Hydration forces - A study of short-range interaction forces using Atomic Force Microscopy
Due to the COVID-19 crisis measurements the PhD defence of Simone van Lin will take place online without the presence of an audience.
The recording of this defence will be added to the video overview of recent defences.
Simone van Lin is a PhD student in the research group Physics of Complex Fluids. Her supervisor is prof.dr. F.G. Mugele from the Faculty of Science and Technology.

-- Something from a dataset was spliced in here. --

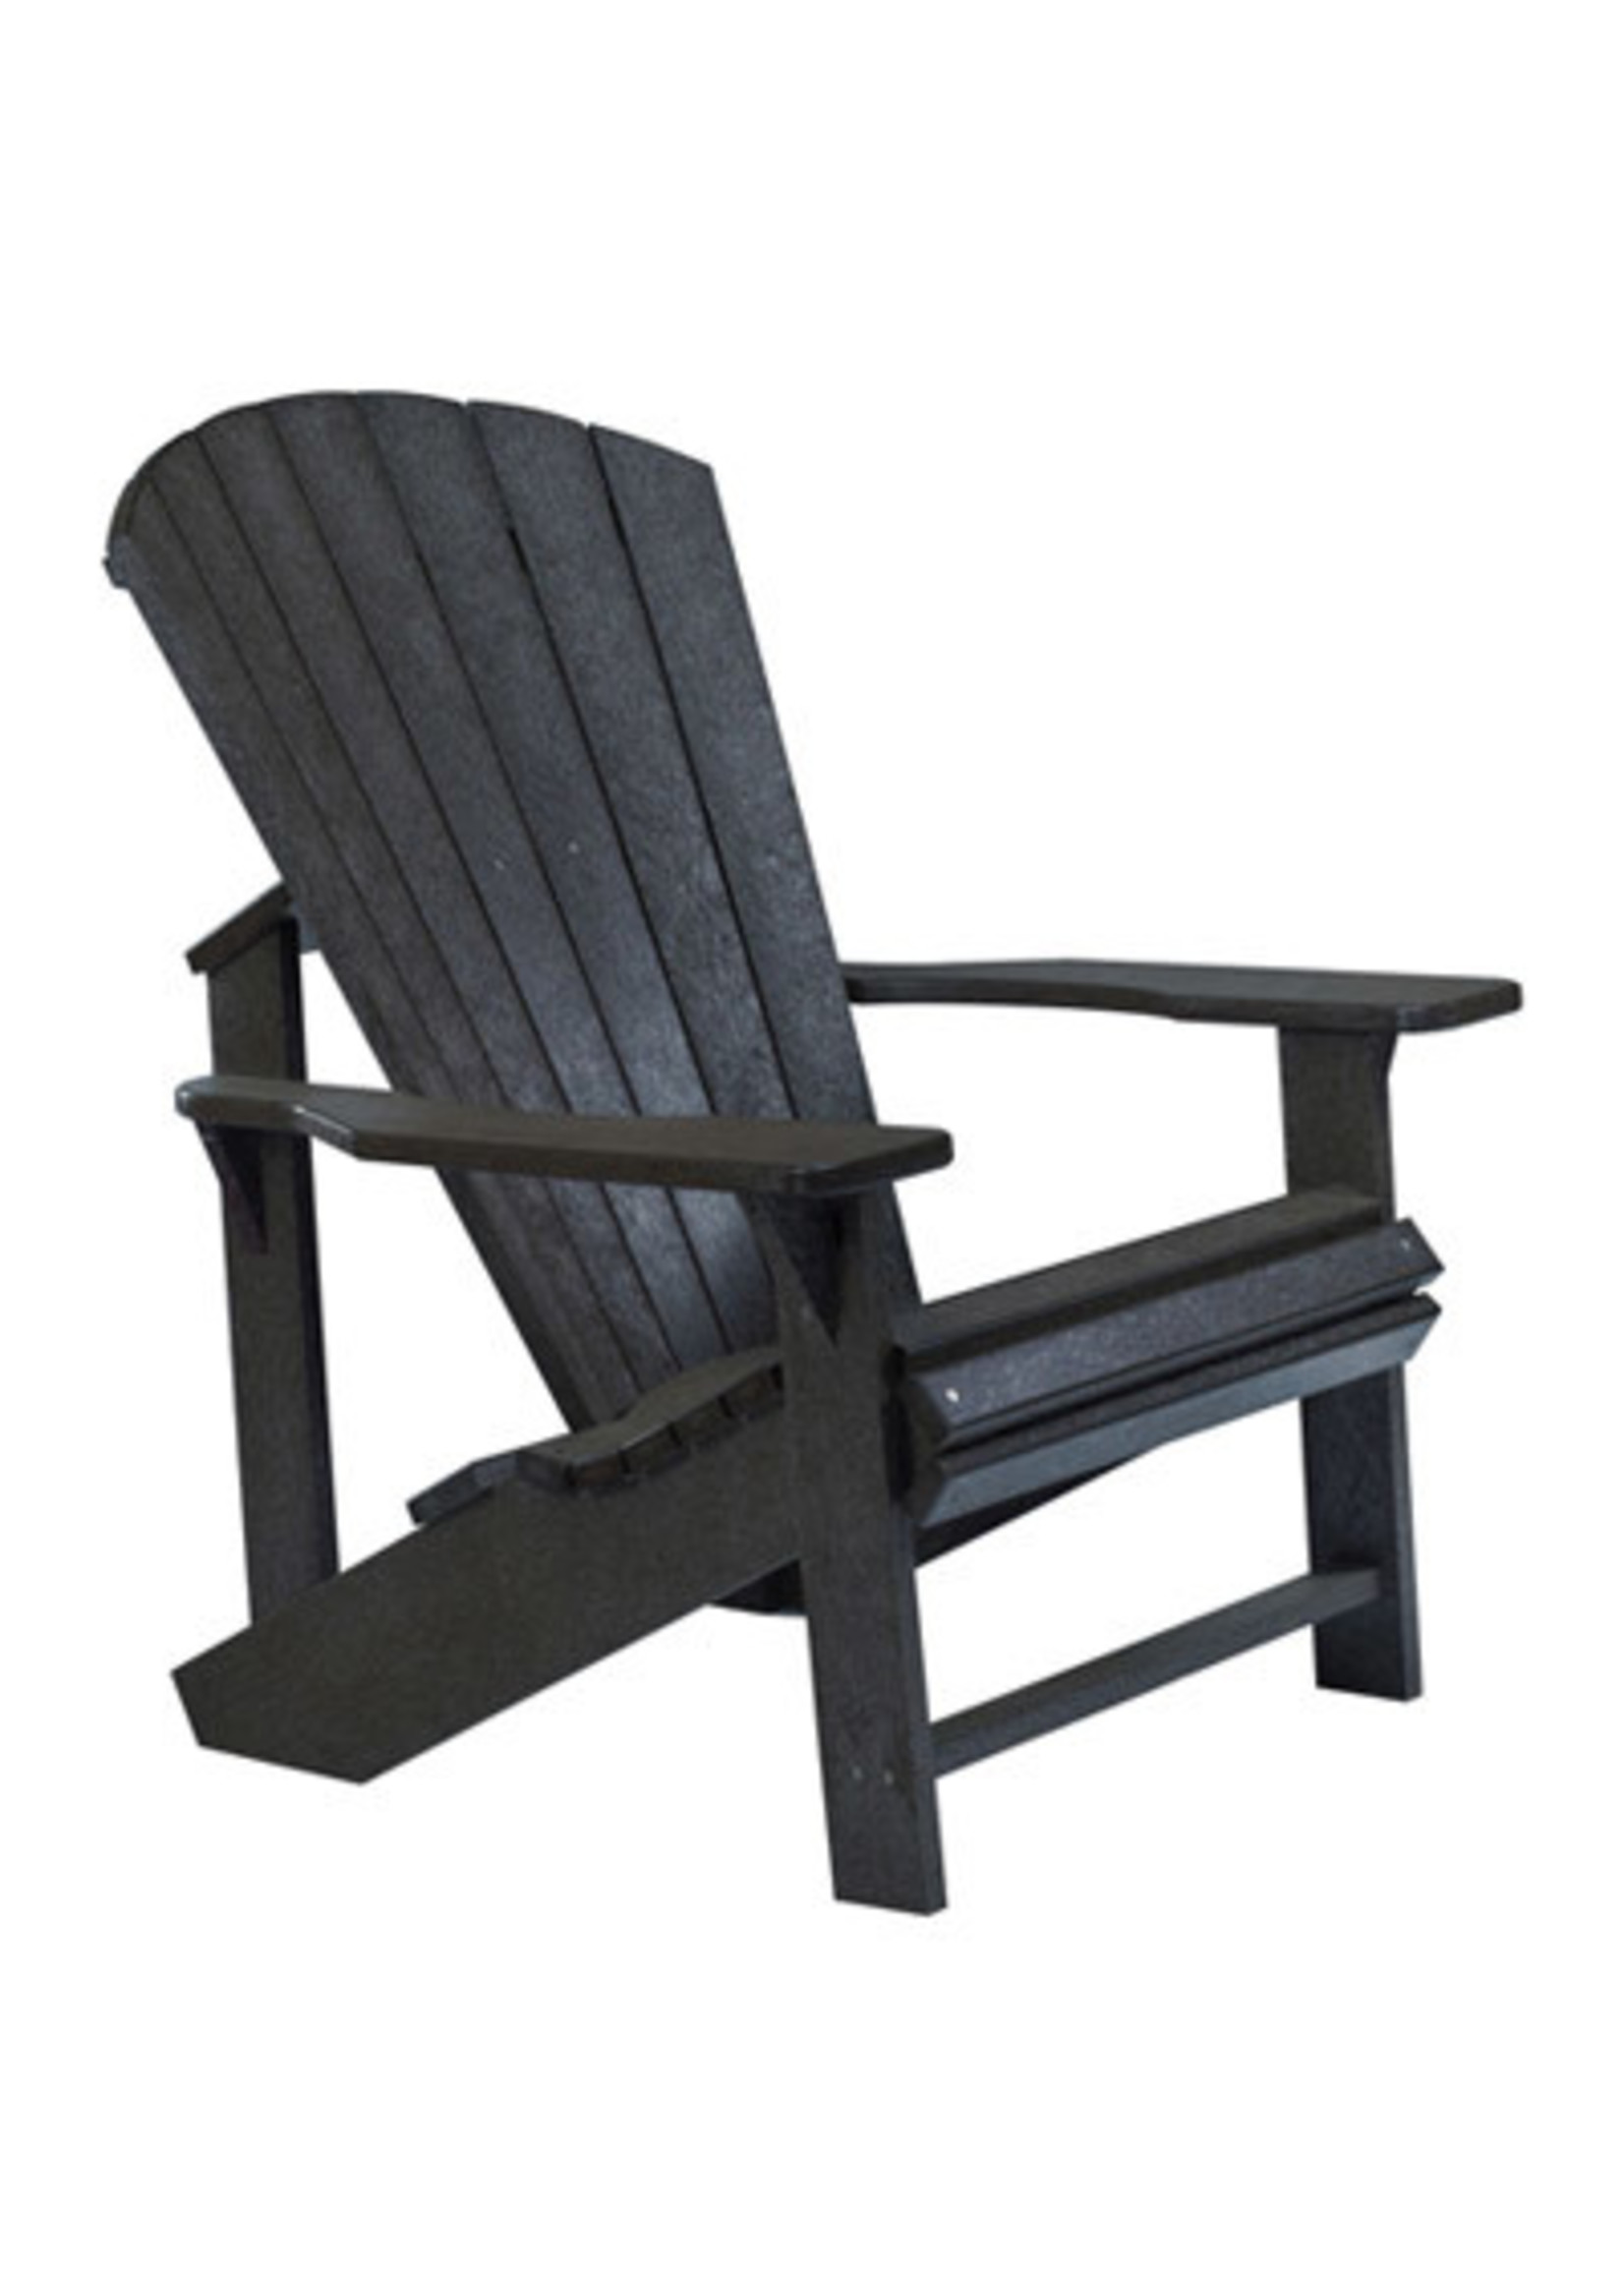 C.R. Plastic Products C01 * Classic Adirondack Chair, Generation Line
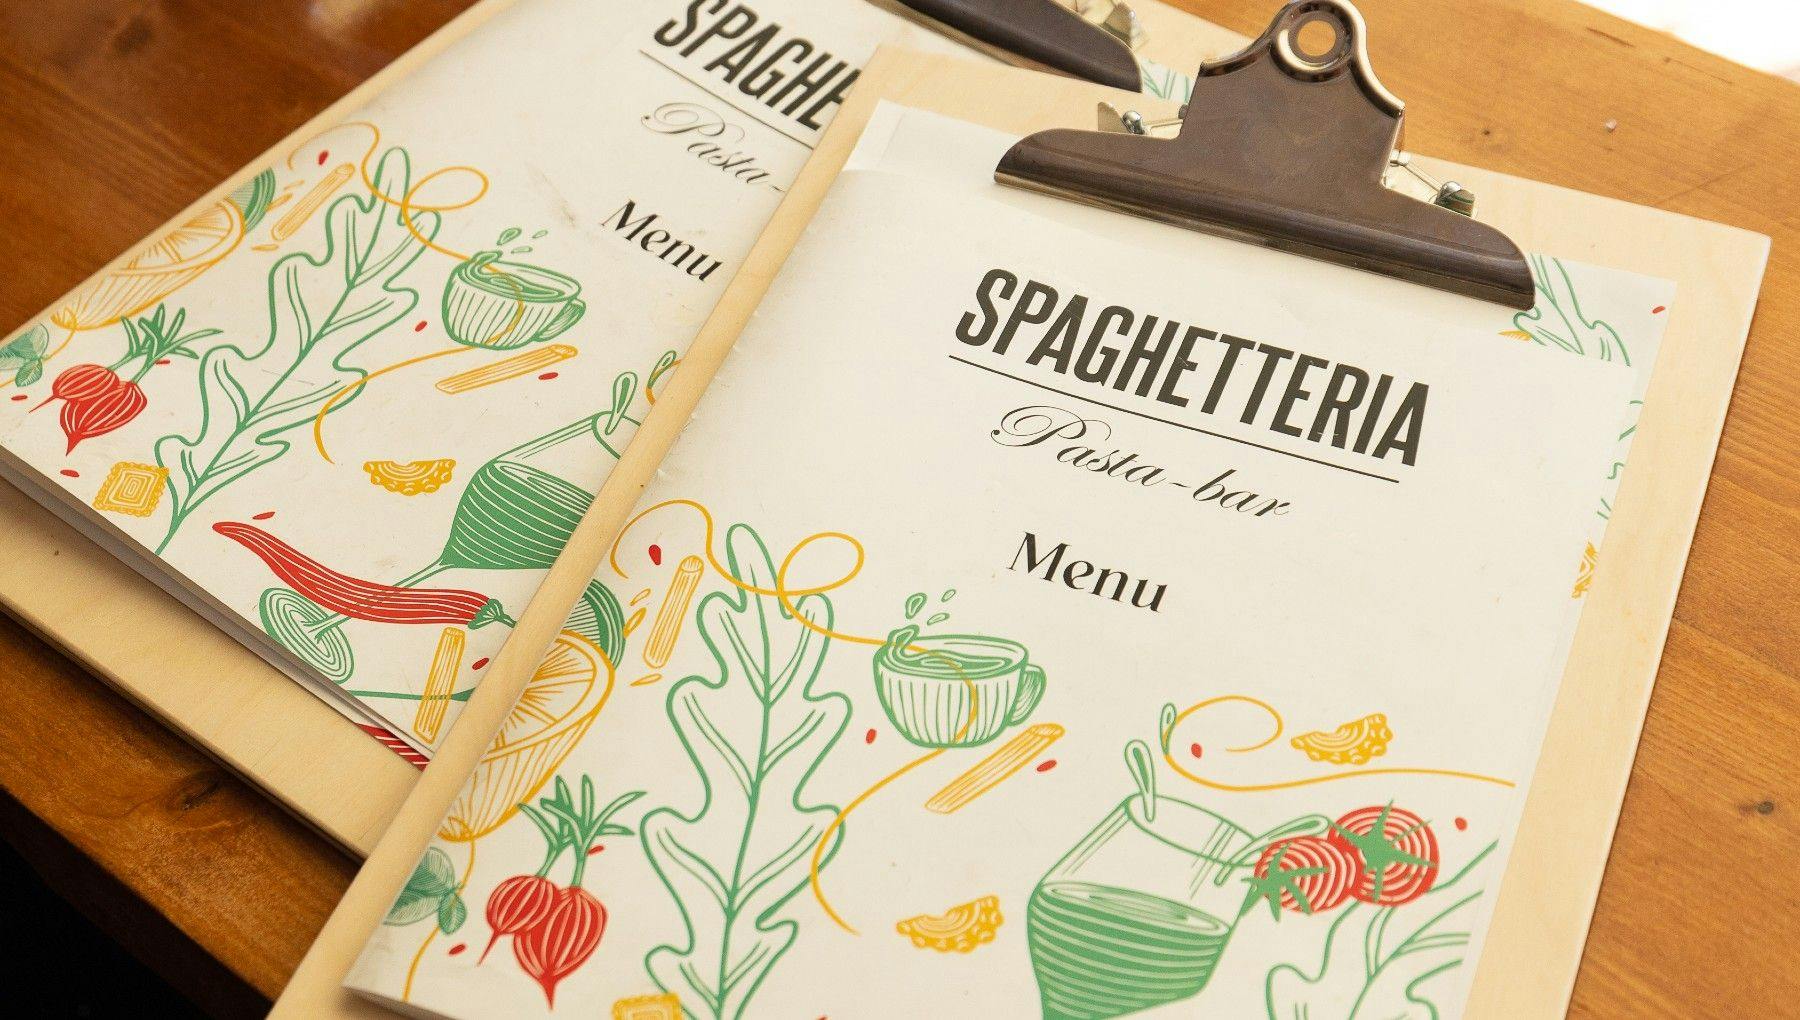 Spaghetteria Caffè menus

The hydration force was introduced after the observation that clays and lipid bilayers swell spontaneously or repel each other in aqueous solutions, and silica dispersions and other colloidal particles remain stable in concentrated salt solutions, where one would expect that, due to the screened repulsive electric double layer, the attractive van der Waals will dominate resulting in aggregation of the particles. These ‘additional’ forces found in aqueous solutions have become known as ‘hydration forces’. The short-range interactions, that are not described by the DLVO theory, can be repulsive or attractive, and decay exponentially over 1-2 nm and can be oscillatory. The latter arise when water molecules are induced to order or ‘structure’ into quasi-discrete layers between two surfaces. Despite limited available theoretical models to describe the hydration force, its general form can be expressed by a monotonically- and an oscillatory decaying contribution.
Experimental studies in salt solutions have reported that the hydration force is both ion- and surface specific. However, it remains unknown how the oscillatory and the monotonic contribution to this force are affected by specific ions and how and if their contributions are correlated. In this work, I measured the hydration forces in a large variety of conditions and looked into both contributions of the hydration force. The general form of the experiments is as follows: forces were measured between a sharp AFM tip and a surface (either mica or silica) in an aqueous solution over 5 nm separation. Salt solutions of different cation types were studied and the ambient temperature was varied. The obtained forces were fitted to an empirical equation that consists of an oscillatory and a monotonic contribution, enabling us to study the effect of the environmental condition on both contributions to the force.
In Chapter 2, I will give more information on AFM and on the analysis procedure of the experimental data. In Chapter 3 I show our study on the hydration force at mica surfaces in the presence of different types of monovalent cations (1+). I show that oscillatory hydration forces, as a result of the packing of water molecules, are stable in the absence of added ions. I show that both contributions to the force are affected by the type of cation present in solution. The monotonic contribution to the hydration force decreases in strength with decreasing the bulk hydration energy of the cation in solution, leading to a transition from an overall repulsive to an attractive force. The oscillatory part in contrast plays a binary character, being hardly affected by the presence of strongly hydrated cations but becomes completely suppressed in the presence of weakly hydrated cations, which agrees with complementary Molecular Dynamics simulations.
Chapter 4 focusses on the effect of different types of divalent cations (2+) on the hydration force at mica surfaces. Here I show that the oscillatory hydration force remains stable in the presence of different types of divalent cations, unlike what was found for the monovalent cations. While the oscillatory force is mostly unaffected, the monotonic contribution is attractive at intermediate salt concentrations, but becomes slightly repulsive at higher concentrations.
Not only ions in solution but also the surface itself influences the interaction forces. In Chapter 5 I show a study on the effect of the surface on the hydration force, where experimental data is presented that is acquired at mica and silica surfaces. Mica is atomically smooth after cleavage, while the thermally grown silica surfaces used in this study are amorphous. I show that the oscillatory hydration force is not only stable at atomically smooth surfaces such as mica, but that it is found at silica surfaces as well. The monotonic contribution to the force does show minor variations between the two surfaces but generally, the hydration forces at mica and silica surfaces show to be remarkably similar, that points to fundamentally similar hydration interactions at both surfaces.
In the last experimental chapter, Chapter 6, a study on the effect of temperature on the hydration force is presented where I show that the oscillatory hydration force is remarkably stable, even in ambient temperatures of 65°C. Additionaly, the monotonic contribution of the force measured in purified water becomes more and more attractive upon increasing the temperature, which is more pronounced in the presence of salts. Lastly, in Chapter 7 I summarize my conclusions and present recommendations for future work.